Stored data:
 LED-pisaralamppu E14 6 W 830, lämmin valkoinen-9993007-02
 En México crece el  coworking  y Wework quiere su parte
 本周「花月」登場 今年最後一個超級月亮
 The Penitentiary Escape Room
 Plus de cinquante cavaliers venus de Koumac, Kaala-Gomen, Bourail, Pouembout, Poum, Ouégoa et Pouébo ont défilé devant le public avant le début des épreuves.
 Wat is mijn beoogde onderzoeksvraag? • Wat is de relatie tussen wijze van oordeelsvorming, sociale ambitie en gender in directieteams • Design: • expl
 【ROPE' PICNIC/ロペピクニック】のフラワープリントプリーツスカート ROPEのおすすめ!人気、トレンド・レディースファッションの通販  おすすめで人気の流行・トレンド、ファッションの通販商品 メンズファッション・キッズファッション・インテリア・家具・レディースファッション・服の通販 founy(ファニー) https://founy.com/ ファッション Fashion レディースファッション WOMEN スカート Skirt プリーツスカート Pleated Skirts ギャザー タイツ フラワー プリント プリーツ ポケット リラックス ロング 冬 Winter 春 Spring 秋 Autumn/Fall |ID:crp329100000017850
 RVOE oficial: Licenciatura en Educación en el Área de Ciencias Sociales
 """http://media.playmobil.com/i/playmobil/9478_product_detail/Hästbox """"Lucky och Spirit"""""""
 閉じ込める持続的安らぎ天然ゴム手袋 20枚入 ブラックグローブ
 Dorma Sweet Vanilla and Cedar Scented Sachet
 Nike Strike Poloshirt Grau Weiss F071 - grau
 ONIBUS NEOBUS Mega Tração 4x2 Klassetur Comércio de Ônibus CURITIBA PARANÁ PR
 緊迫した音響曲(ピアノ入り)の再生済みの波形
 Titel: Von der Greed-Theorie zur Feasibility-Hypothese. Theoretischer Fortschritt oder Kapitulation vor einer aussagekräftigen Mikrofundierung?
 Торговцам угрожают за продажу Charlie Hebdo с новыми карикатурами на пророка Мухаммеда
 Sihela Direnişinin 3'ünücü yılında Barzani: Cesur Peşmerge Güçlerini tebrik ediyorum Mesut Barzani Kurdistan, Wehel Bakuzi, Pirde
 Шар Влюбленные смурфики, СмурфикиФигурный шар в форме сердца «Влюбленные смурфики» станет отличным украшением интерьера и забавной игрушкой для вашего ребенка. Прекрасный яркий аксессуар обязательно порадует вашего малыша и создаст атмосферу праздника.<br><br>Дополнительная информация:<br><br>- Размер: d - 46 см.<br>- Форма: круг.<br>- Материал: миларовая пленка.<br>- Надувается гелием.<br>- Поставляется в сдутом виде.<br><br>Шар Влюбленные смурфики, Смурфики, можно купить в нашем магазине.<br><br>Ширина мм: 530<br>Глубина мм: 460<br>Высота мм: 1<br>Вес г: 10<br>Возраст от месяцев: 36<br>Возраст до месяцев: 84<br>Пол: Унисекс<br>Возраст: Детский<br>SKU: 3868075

• [EXERCISE OBJECTIVE]:
Please write out exactly the line containing "Торговцам угрожают за" and every line after it through the end of the records, nothing more.

• [OUTPUT BELOW]:
 Торговцам угрожают за продажу Charlie Hebdo с новыми карикатурами на пророка Мухаммеда
 Sihela Direnişinin 3'ünücü yılında Barzani: Cesur Peşmerge Güçlerini tebrik ediyorum Mesut Barzani Kurdistan, Wehel Bakuzi, Pirde
 Шар Влюбленные смурфики, СмурфикиФигурный шар в форме сердца «Влюбленные смурфики» станет отличным украшением интерьера и забавной игрушкой для вашего ребенка. Прекрасный яркий аксессуар обязательно порадует вашего малыша и создаст атмосферу праздника.<br><br>Дополнительная информация:<br><br>- Размер: d - 46 см.<br>- Форма: круг.<br>- Материал: миларовая пленка.<br>- Надувается гелием.<br>- Поставляется в сдутом виде.<br><br>Шар Влюбленные смурфики, Смурфики, можно купить в нашем магазине.<br><br>Ширина мм: 530<br>Глубина мм: 460<br>Высота мм: 1<br>Вес г: 10<br>Возраст от месяцев: 36<br>Возраст до месяцев: 84<br>Пол: Унисекс<br>Возраст: Детский<br>SKU: 3868075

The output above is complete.